Roberson is currently on death row over his conviction in which prosecutors say he killed his two-year-old daughter, Nikki Curtis, by shaking her to death, known as shaken baby syndrome. But his lawyers say Nikki actually died from other health issues such as pneumonia and that new evidence proves his innocence. His lawyers also said doctors had failed to rule out these other medical explanations for the child’s symptoms.
Roberson was scheduled to be put to death on Oct. 17 before the state Supreme Court issued a stay to delay his execution shortly before it was set to take place.
If he is put to death, he would be the first person in the U.S. to be executed in a case based on shaken baby syndrome.
More than 80 Texas state lawmakers, as well as the detective who helped the prosecution, medical experts, parental rights groups, human rights groups, bestselling novelist John Grisham and other advocates have called for the state to grant Roberson clemency over the belief that he is innocent. A group of state lawmakers have also visited Roberson in prison to encourage him.
“I feel like I’ve gotten more engaged with this Robert Roberson case and wanted to make sure that we’re continuing this conversation about the lack of humanity tied to the death penalty,” Bucy said.

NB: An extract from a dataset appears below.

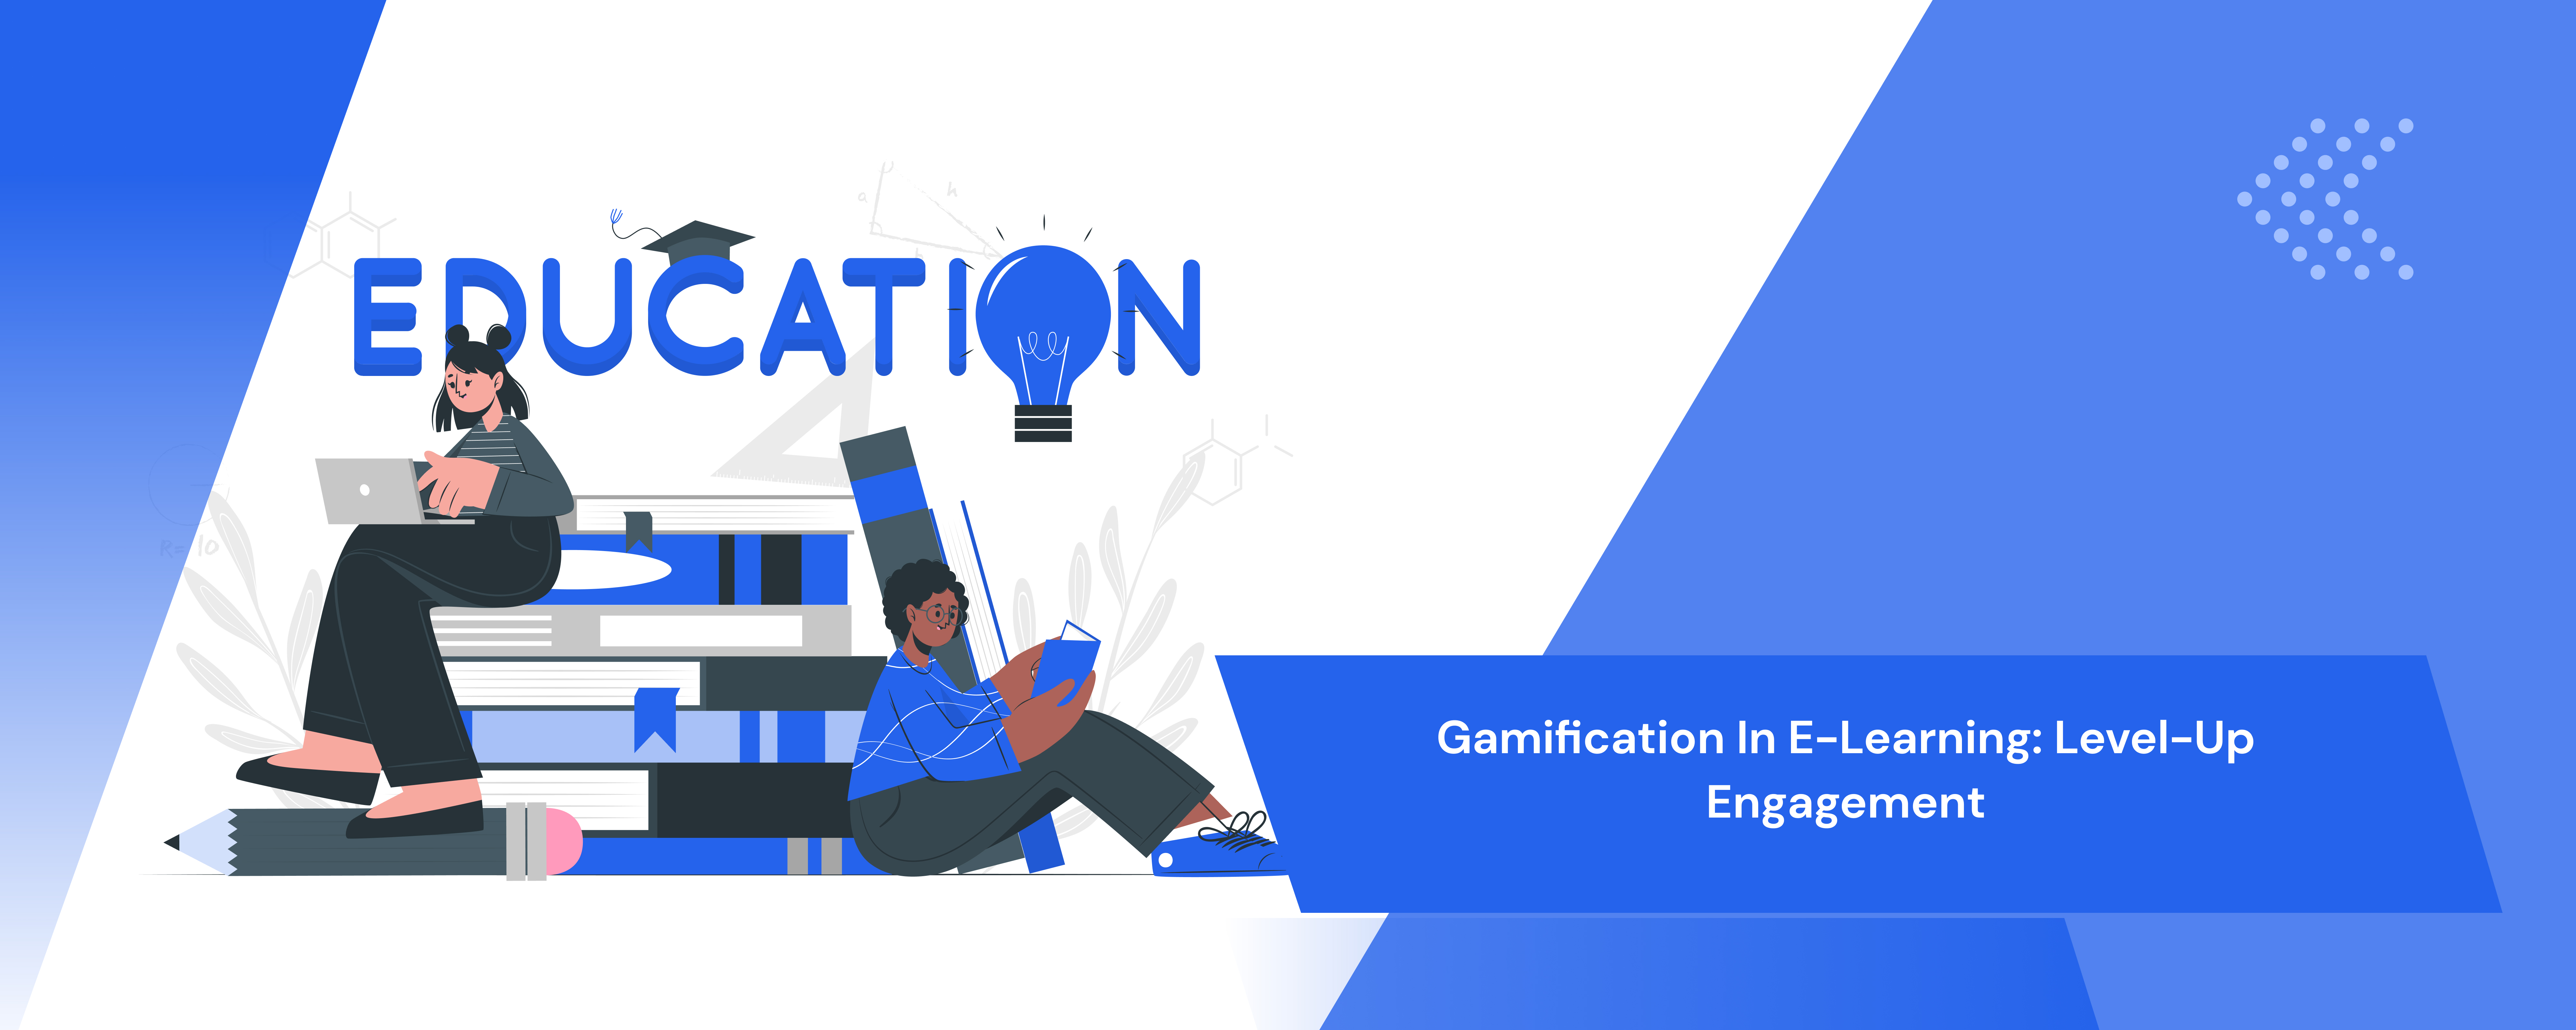 Gamification in E-Learning: Level-Up Engagement

Texas has executed nearly 600 people since 1982, according to Texas Coalition to Abolish The Death Penalty executive director Kristin Houle Cuellar.
“Which is far more than any other state in the nation,” Houle Cuellar told Fox 7. “We have quite a reputation when it comes to the use of the death penalty in Texas.”

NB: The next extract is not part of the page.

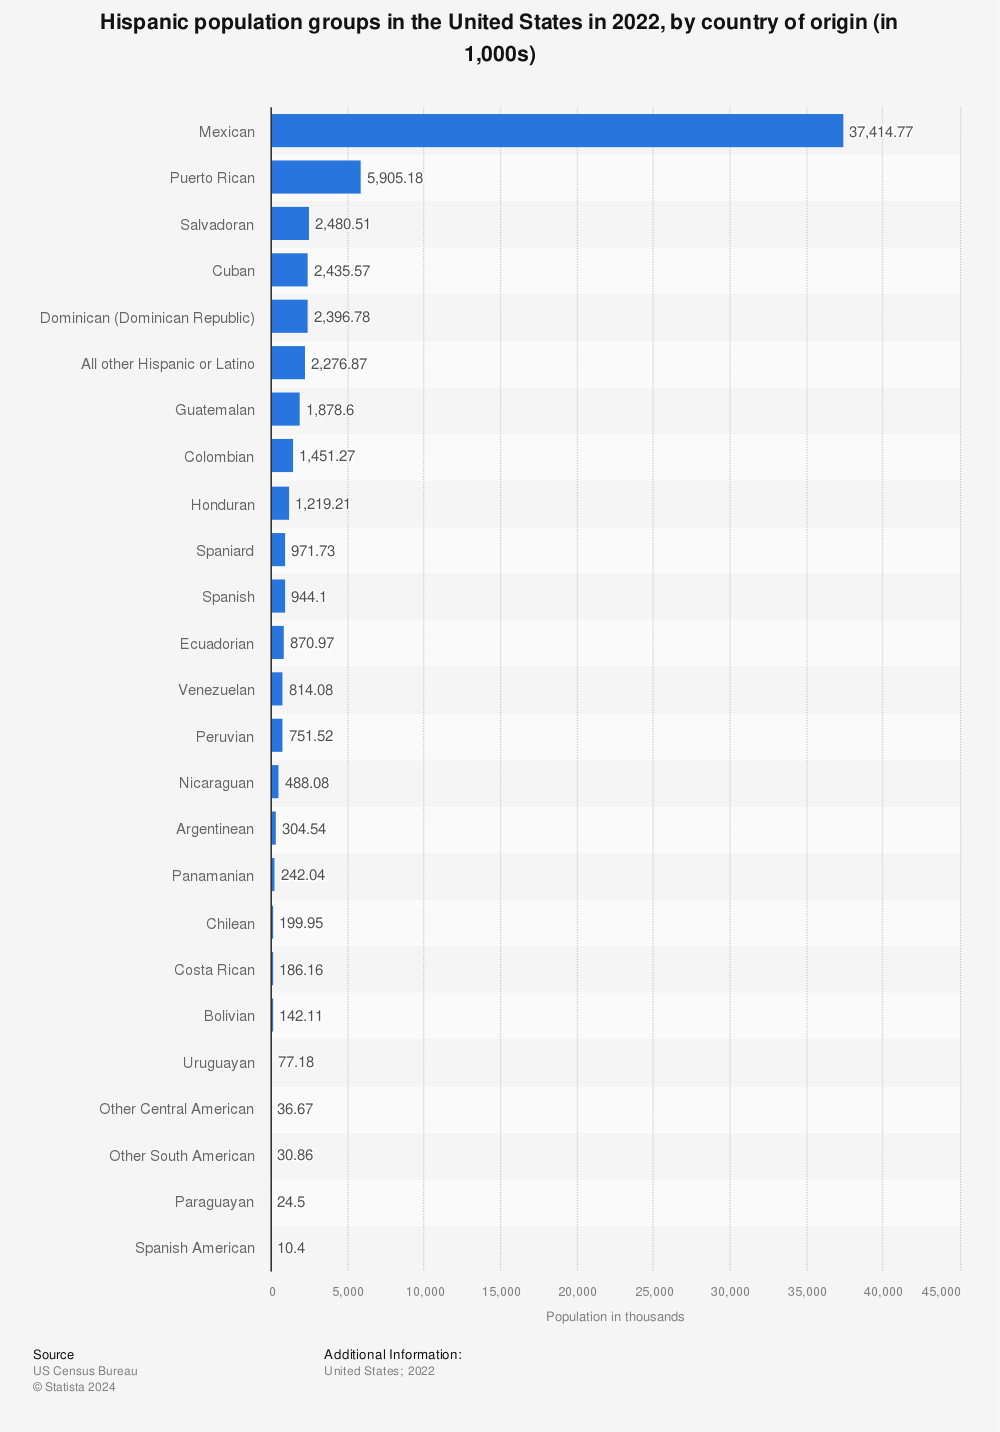 Statistic: Hispanic population groups in the United States, by country of origin 2019 (in 1,000s) | Statista

Houle Cuellar said that there have been fewer death sentences in the state in the last decade, which she partially attributes to the introduction in 2005 of life without parole.
“Prosecutors have used that discretion in opting not to seek the death penalty,” Houle Cuellar said. “Even in about 30 percent of the cases that they’ve taken to trial where they’ve sought the death penalty, jurors have rejected it.”
Houle Cuellar said that Harris, Dallas, Tarrant and Bexar counties lead the state in death sentences and more than half of all Texas counties have never issued a death sentence.
Since 2007, multiple Texas lawmakers have unsuccessfully sought to abolish the death penalty. But Bucy says there is now enough momentum regarding the issue to reintroduce legislation to eliminate the practice.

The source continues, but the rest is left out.